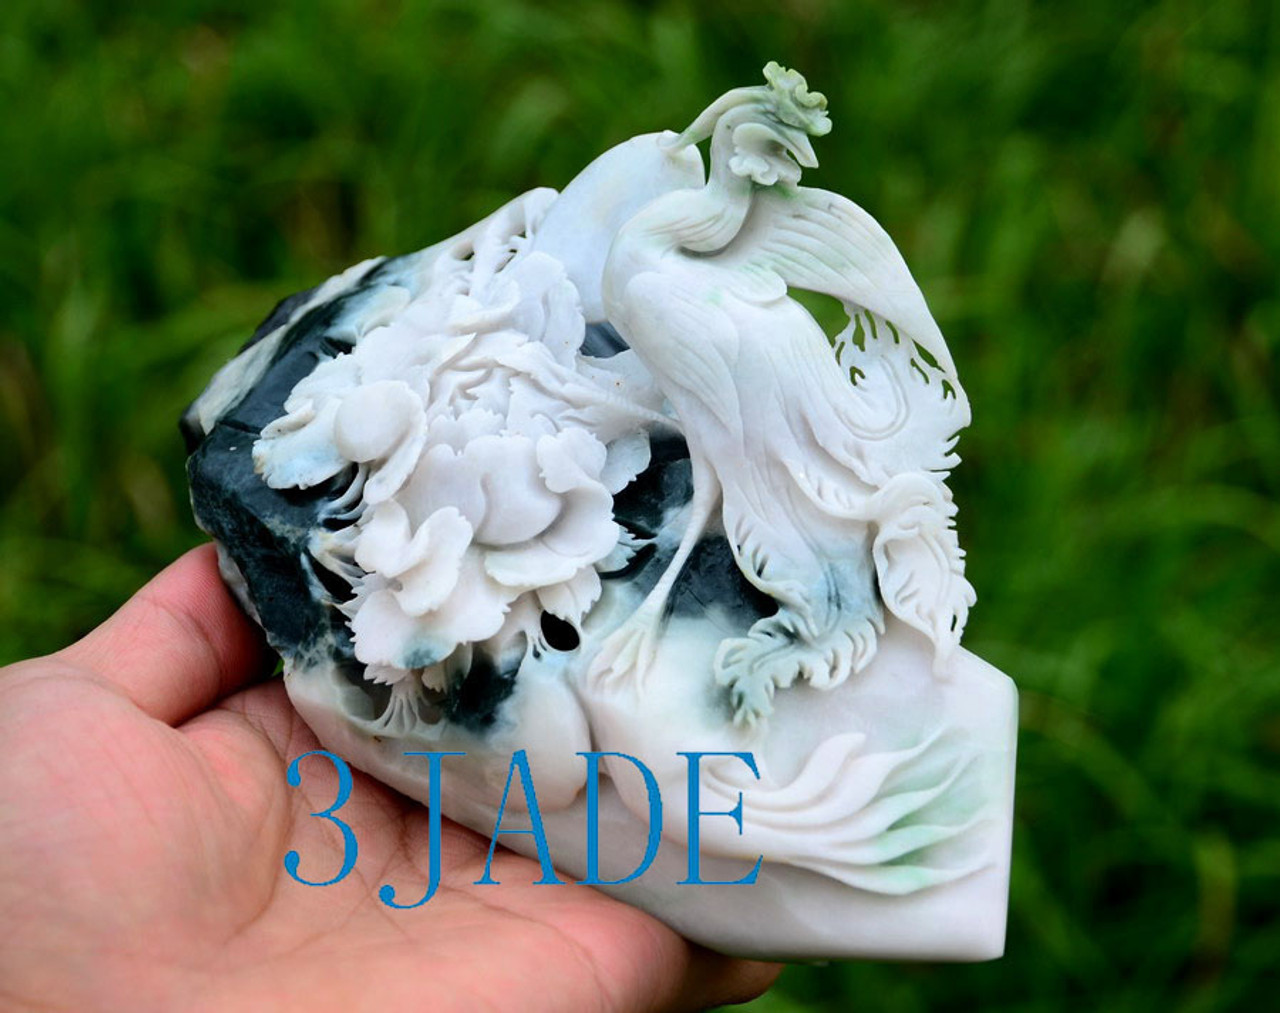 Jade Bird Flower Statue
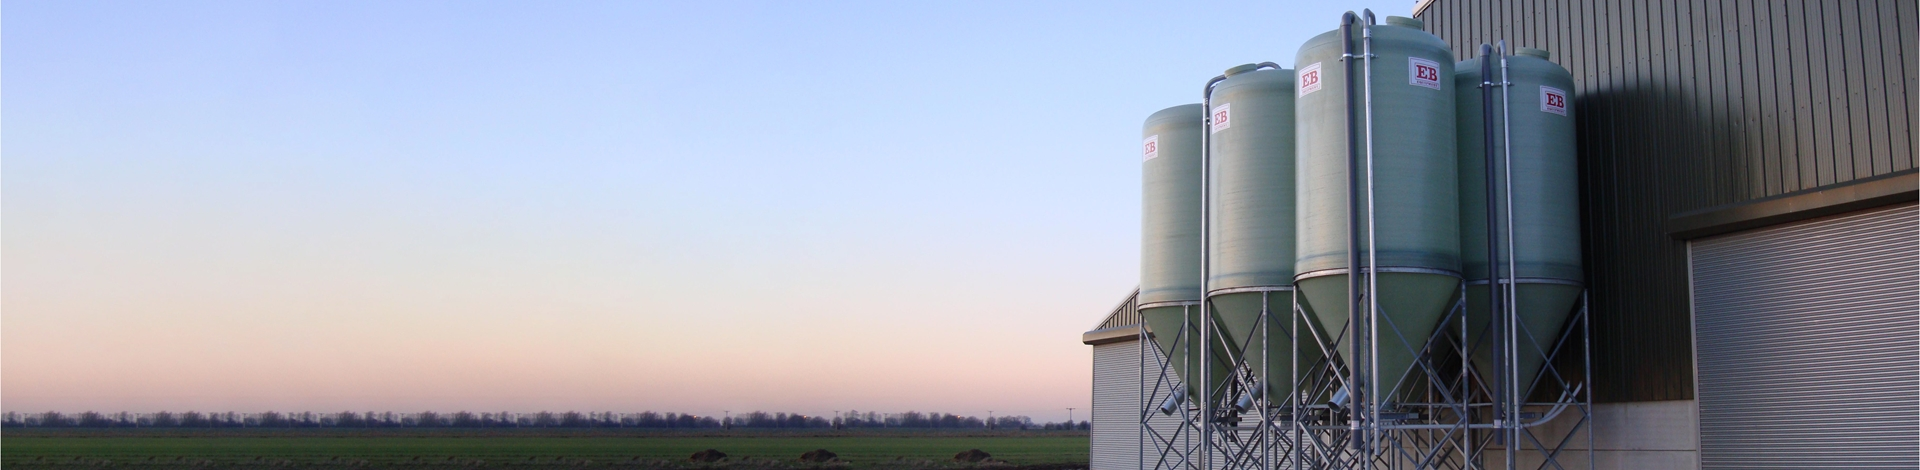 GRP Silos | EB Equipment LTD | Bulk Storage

* * *

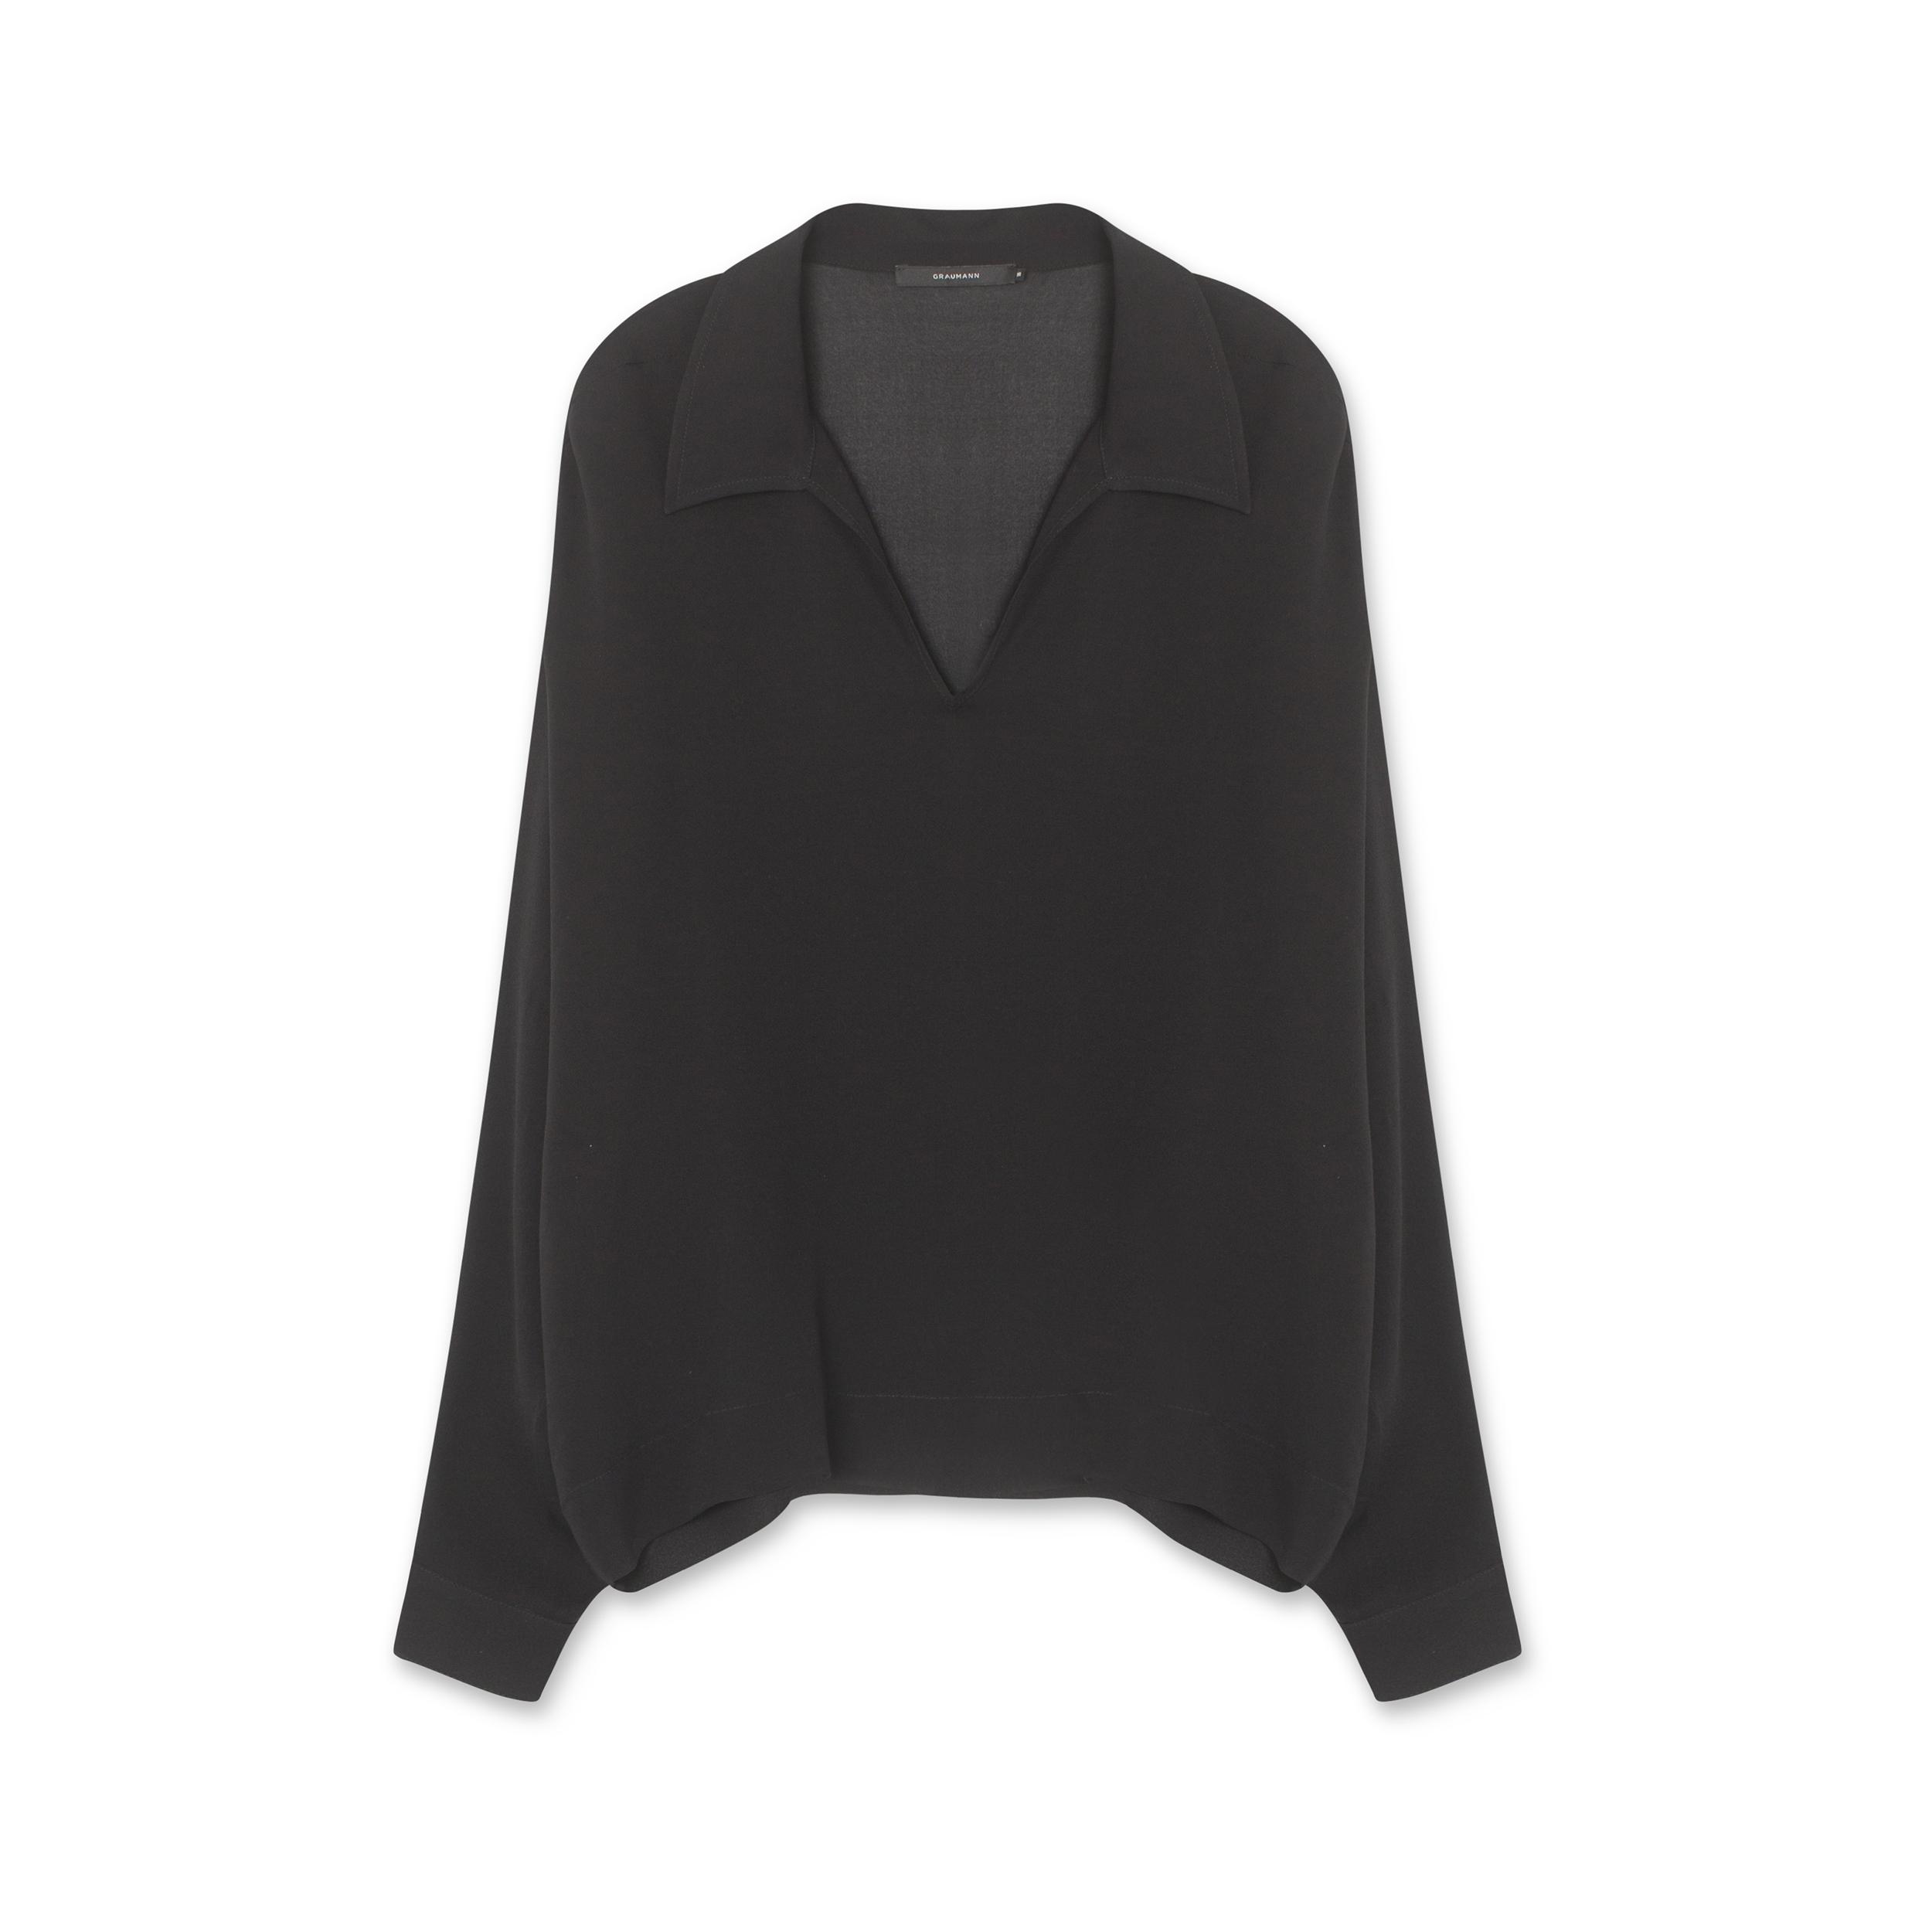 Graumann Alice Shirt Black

...

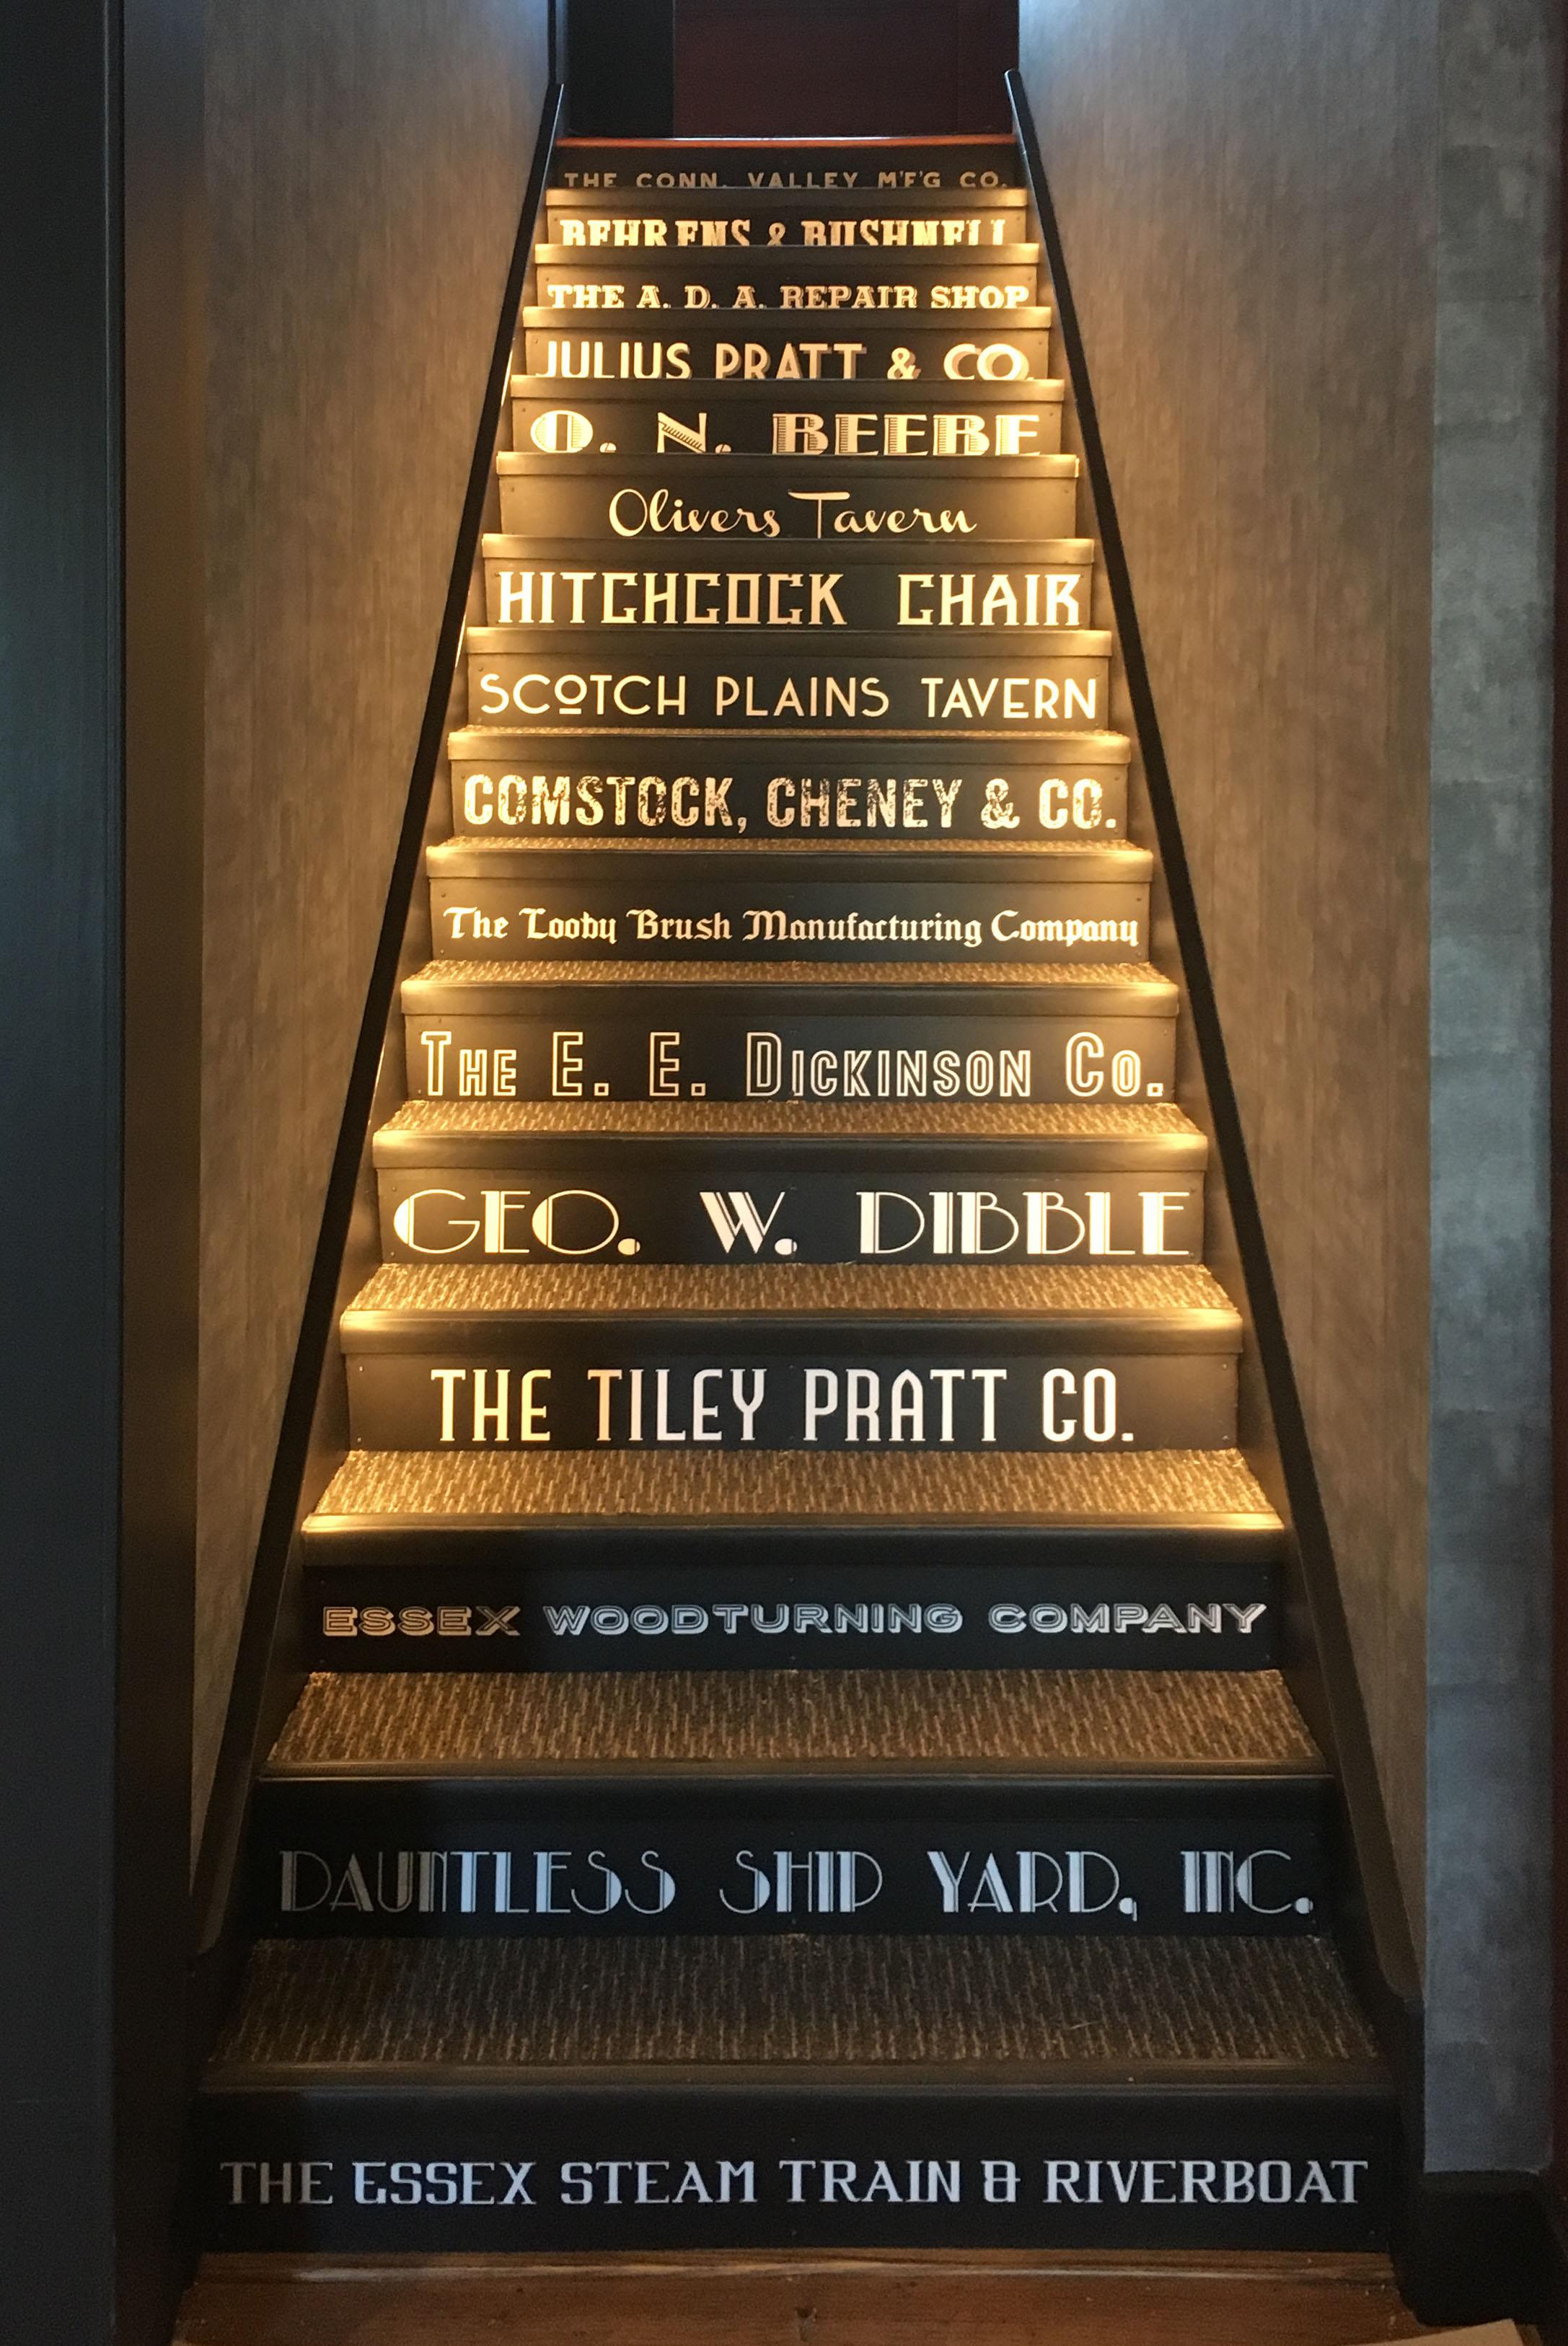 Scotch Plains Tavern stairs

*Problem statement*. Copy the entries above exactly, but only the stretch from the line containing "Jade Bird Flower Statue" through the line containing "GRP Silos | EB Equipment LTD | Bulk Storage". Keep both end lines; drop the pictures.

*Answer section*.
 Jade Bird Flower Statue
 GRP Silos | EB Equipment LTD | Bulk Storage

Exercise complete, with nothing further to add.